The serious nature of our conversations yesterday were gladly relieved when, out of a still moonlit night came a boat-load of drummers pounding their way down river. There was a celebration......... and we were invited. Later, walking along wet paths alive with the sound of frogs, the muffled beat of drums drew us nearer. The dance was sponsored by one of the many political parties wooing the people of the Interior for their vote in next week's general elections. Although the campaign gifts are readily accepted, seeing people wearing hats from one party and T-shirts from another is not uncommon. The effects of the tactics, while eagerly enjoyed, don't seem to attract any true loyalty.

No Ghetto blasters here! Just six men and boys thumping a range of percussion, the dance hut was hot and sweaty and jammed with people shaking to the raw beat. Around the edges the children gyrated, enthusiatically mimicking the evocotive dance of their elders. And it wasn't long before, amid screams of amusement, we were draggd into the dancing.......

We awoke with last night's drums ringing in our ears. We spent the morning gathering our gear together for an afternoon depature, swimming in the river and shaking off the effects of last night's 90% rum. Then we were treated to a Seketi Dance, lead by one of the captain's wives - Short chorus-like songs of love and loss. It was beautiful to watch as the women performed by the river's edge. The songs are sung in call and response, the leader singing the main part and the chorus section behind her responding, and keeping the rhythm with hollow clapping. A kind of blues that harks back to this proud people's African Roots.

Then we were taken off by Hugo and the captain's wife for a tour of the village and shown the different types of houses; the old with thatched palm roofs and walls and the new with corrugated iron roofs and breeze block walls. We were taken to a house where a group of women were preparing palm cooking-oil, baking the nuts before pounding them in a rhythmic thud with a giant pestle and mortar. Around the village different shrines stood under shaded thatches, I think the ancestor/grandmother shrines of the different families of the village, though I'm not sure about this and the people themselves are reluctant talk about their spiritual beliefs to complete outsiders like us. The impression we got of the village was of a kind of heaven - children peeping out of shaded doorways, and vistas through smokey paths back to the rivers edge; a veritable shangri-la.
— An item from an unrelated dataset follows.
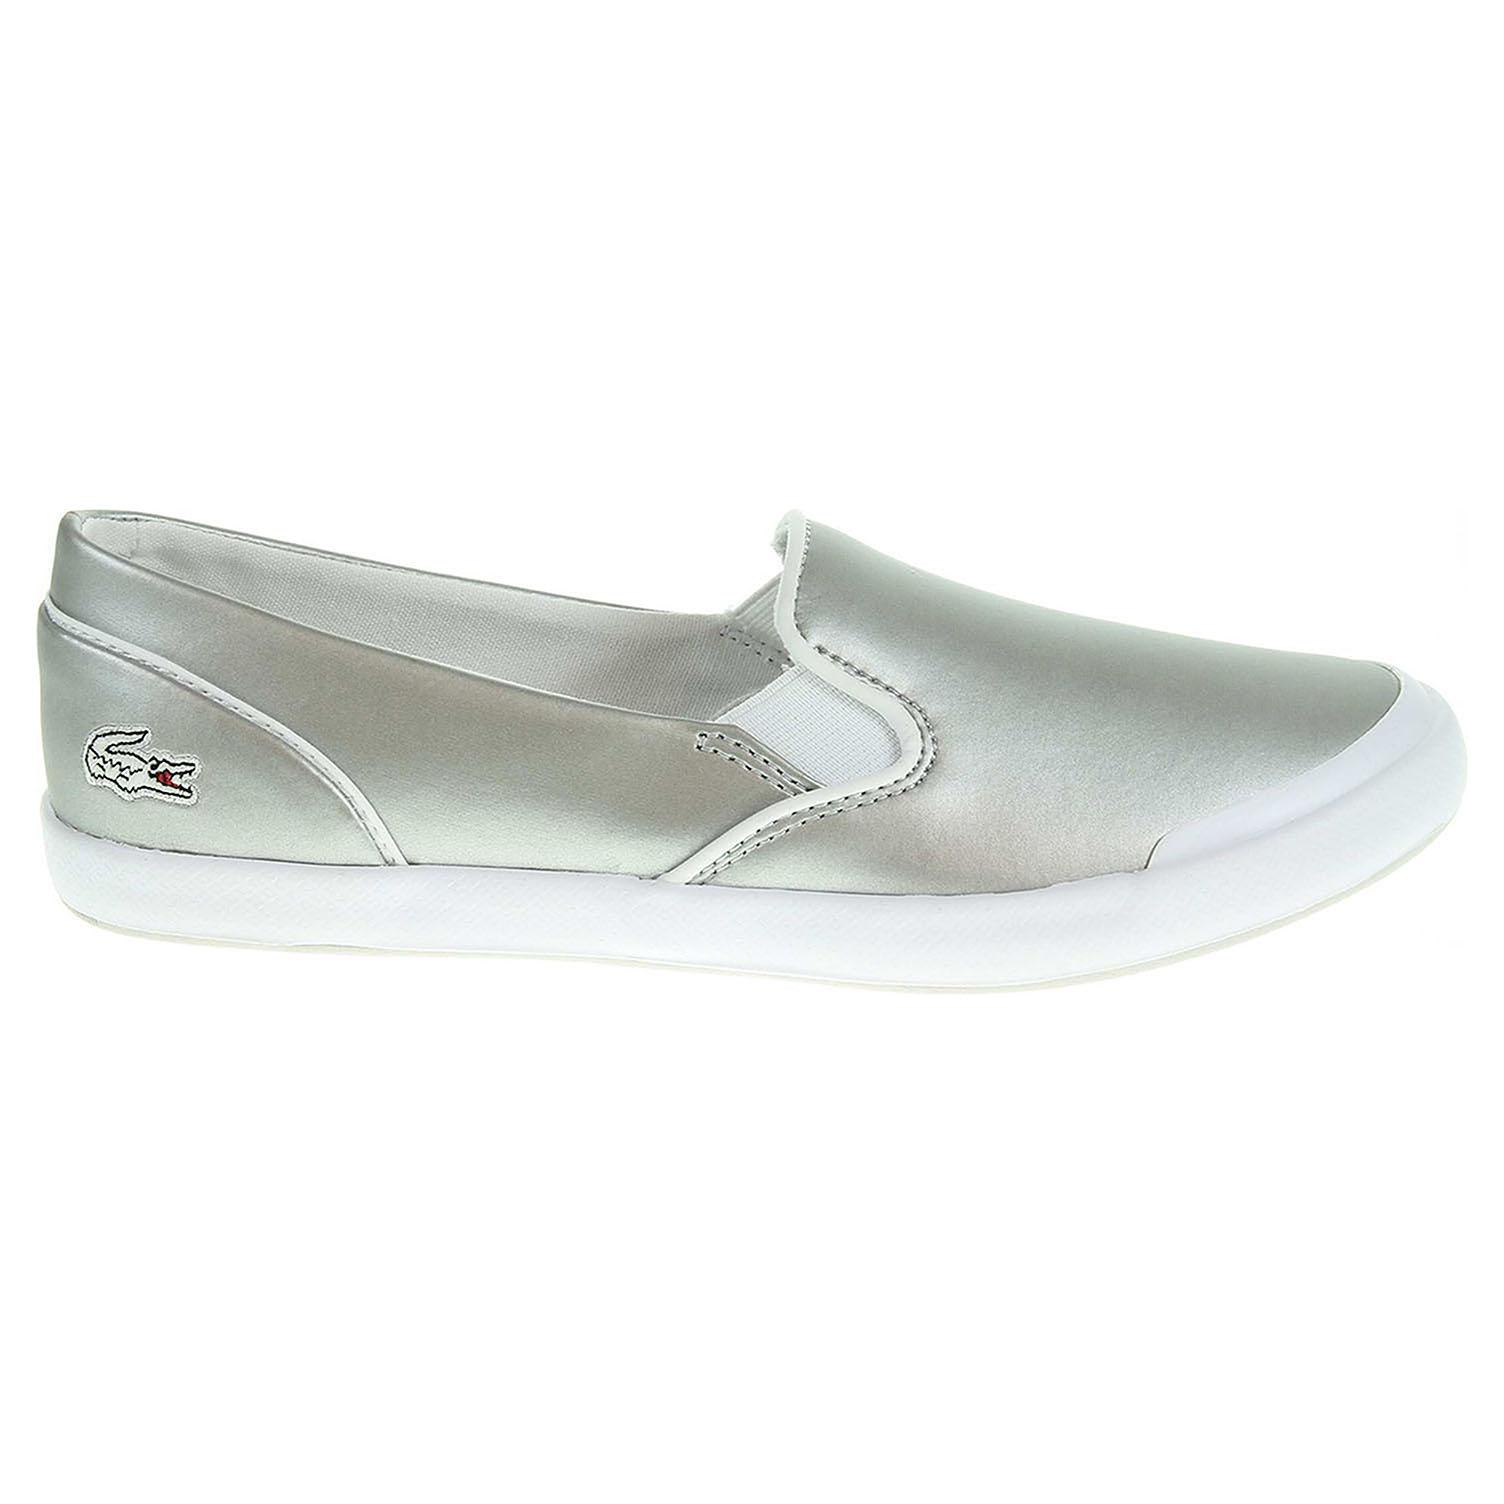 Ecco Lacoste Lancelle Slip-On dámská obuv stříbrná 23000815 3423f955947

Hugo wanted to show us the difference between Semoisie and his own village which is Christianised. So with sadness we ate lunch and bid a formal goodbye to the captain who wished us well with our work and hoped that it would be effective. After a two hour trip down-river we arrived at New Arora. Noticably there is no palm fronded entrance to the village and no scattered shrines throughout the village - instead a church and a school. Everything else seemed much the same As we wandered the paths through the village this evening we came across a group of elders carrying their traditional wooden stools. They had come for a meeting. Hugo greeted them and the discussion again imediately turned to yesterdays refusal by the Granman to speak to us. They nodded sagely as Hugo explained the situation and sympathised with our position.

Then we washed and swam in the creek slowly becoming more at home in the culture and nature that surounds us.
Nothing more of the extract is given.